- Your task:
Could you please find each line in the records that contains the word "after" and copy it?

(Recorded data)
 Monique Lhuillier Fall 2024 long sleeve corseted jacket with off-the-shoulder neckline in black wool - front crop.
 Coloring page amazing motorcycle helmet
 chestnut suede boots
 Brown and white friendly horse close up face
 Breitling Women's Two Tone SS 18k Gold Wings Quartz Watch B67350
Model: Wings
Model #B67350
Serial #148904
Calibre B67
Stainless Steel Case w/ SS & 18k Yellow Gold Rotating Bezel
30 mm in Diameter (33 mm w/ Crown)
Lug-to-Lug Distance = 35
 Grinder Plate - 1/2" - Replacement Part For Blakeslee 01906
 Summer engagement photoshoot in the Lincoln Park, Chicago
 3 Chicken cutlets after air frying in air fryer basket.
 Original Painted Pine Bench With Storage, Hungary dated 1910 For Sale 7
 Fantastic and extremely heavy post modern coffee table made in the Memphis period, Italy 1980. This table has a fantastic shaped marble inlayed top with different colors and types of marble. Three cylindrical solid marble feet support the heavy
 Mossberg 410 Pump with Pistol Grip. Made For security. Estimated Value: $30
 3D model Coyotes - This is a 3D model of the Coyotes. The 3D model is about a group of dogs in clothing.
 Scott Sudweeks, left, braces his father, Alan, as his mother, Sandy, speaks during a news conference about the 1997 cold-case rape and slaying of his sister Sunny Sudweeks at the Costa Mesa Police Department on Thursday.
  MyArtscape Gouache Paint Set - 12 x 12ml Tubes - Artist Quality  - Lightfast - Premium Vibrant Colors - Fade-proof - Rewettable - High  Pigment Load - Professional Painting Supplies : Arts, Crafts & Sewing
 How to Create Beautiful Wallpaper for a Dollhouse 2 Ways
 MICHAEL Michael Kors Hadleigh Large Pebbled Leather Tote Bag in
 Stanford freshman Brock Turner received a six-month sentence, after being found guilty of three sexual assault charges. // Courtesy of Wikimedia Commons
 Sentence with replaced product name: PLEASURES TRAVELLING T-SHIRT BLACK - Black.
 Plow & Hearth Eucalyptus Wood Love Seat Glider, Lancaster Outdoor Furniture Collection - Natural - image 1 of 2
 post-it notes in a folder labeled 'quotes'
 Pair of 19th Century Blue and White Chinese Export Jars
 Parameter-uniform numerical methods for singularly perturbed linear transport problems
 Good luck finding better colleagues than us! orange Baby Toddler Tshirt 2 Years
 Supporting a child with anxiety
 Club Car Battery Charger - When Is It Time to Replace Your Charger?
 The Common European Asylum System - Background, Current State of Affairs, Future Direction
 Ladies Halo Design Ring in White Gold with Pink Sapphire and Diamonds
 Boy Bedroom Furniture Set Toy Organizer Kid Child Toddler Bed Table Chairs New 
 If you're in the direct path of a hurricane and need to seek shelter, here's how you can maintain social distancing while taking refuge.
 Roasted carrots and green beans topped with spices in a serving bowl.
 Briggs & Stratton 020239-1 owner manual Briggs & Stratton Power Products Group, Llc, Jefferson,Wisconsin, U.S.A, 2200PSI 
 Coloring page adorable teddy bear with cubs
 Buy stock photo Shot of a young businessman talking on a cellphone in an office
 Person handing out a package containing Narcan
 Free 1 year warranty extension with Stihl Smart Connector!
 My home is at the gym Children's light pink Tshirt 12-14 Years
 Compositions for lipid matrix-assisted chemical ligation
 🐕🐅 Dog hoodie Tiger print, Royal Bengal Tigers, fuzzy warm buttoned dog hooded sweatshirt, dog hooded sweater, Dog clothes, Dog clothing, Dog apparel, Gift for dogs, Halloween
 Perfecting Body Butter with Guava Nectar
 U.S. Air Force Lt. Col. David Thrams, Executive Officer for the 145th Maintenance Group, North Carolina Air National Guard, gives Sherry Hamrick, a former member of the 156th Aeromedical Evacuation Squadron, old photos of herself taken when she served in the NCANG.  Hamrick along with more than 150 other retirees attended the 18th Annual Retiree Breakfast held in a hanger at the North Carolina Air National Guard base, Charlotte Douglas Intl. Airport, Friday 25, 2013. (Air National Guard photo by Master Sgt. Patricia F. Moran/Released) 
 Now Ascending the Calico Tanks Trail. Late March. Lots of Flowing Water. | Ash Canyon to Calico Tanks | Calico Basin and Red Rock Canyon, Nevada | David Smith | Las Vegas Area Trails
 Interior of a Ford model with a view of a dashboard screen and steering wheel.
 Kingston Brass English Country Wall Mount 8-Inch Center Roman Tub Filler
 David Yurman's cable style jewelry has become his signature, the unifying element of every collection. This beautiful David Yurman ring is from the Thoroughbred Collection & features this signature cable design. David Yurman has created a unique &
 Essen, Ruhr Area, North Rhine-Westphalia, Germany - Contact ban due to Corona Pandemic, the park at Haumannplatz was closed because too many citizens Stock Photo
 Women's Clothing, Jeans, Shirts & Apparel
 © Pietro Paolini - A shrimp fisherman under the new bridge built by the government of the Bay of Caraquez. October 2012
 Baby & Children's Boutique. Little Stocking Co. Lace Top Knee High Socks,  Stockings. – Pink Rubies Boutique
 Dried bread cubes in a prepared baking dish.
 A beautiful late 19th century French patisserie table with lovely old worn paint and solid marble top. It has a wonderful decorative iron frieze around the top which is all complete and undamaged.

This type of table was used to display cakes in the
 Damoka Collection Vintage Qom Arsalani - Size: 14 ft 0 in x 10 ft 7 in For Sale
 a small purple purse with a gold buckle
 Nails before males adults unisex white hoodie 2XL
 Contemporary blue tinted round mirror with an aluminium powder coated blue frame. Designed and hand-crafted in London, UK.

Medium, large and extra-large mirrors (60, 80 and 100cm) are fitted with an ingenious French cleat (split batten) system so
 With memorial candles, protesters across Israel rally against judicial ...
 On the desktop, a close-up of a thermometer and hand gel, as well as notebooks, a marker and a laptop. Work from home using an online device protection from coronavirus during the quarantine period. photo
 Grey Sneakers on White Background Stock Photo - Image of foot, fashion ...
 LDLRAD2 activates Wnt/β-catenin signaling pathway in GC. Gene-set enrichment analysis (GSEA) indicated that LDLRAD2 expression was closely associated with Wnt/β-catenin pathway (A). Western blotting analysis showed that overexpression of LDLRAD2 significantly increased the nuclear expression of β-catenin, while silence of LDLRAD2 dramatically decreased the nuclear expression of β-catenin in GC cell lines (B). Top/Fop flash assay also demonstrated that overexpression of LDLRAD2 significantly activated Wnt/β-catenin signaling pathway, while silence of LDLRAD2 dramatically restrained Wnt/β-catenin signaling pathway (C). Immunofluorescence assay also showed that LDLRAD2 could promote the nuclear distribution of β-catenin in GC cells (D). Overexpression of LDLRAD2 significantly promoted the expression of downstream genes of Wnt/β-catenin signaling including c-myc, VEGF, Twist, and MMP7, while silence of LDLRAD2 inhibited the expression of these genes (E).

- Response to the task:
 3 Chicken cutlets after air frying in air fryer basket.
 Stanford freshman Brock Turner received a six-month sentence, after being found guilty of three sexual assault charges. // Courtesy of Wikimedia Commons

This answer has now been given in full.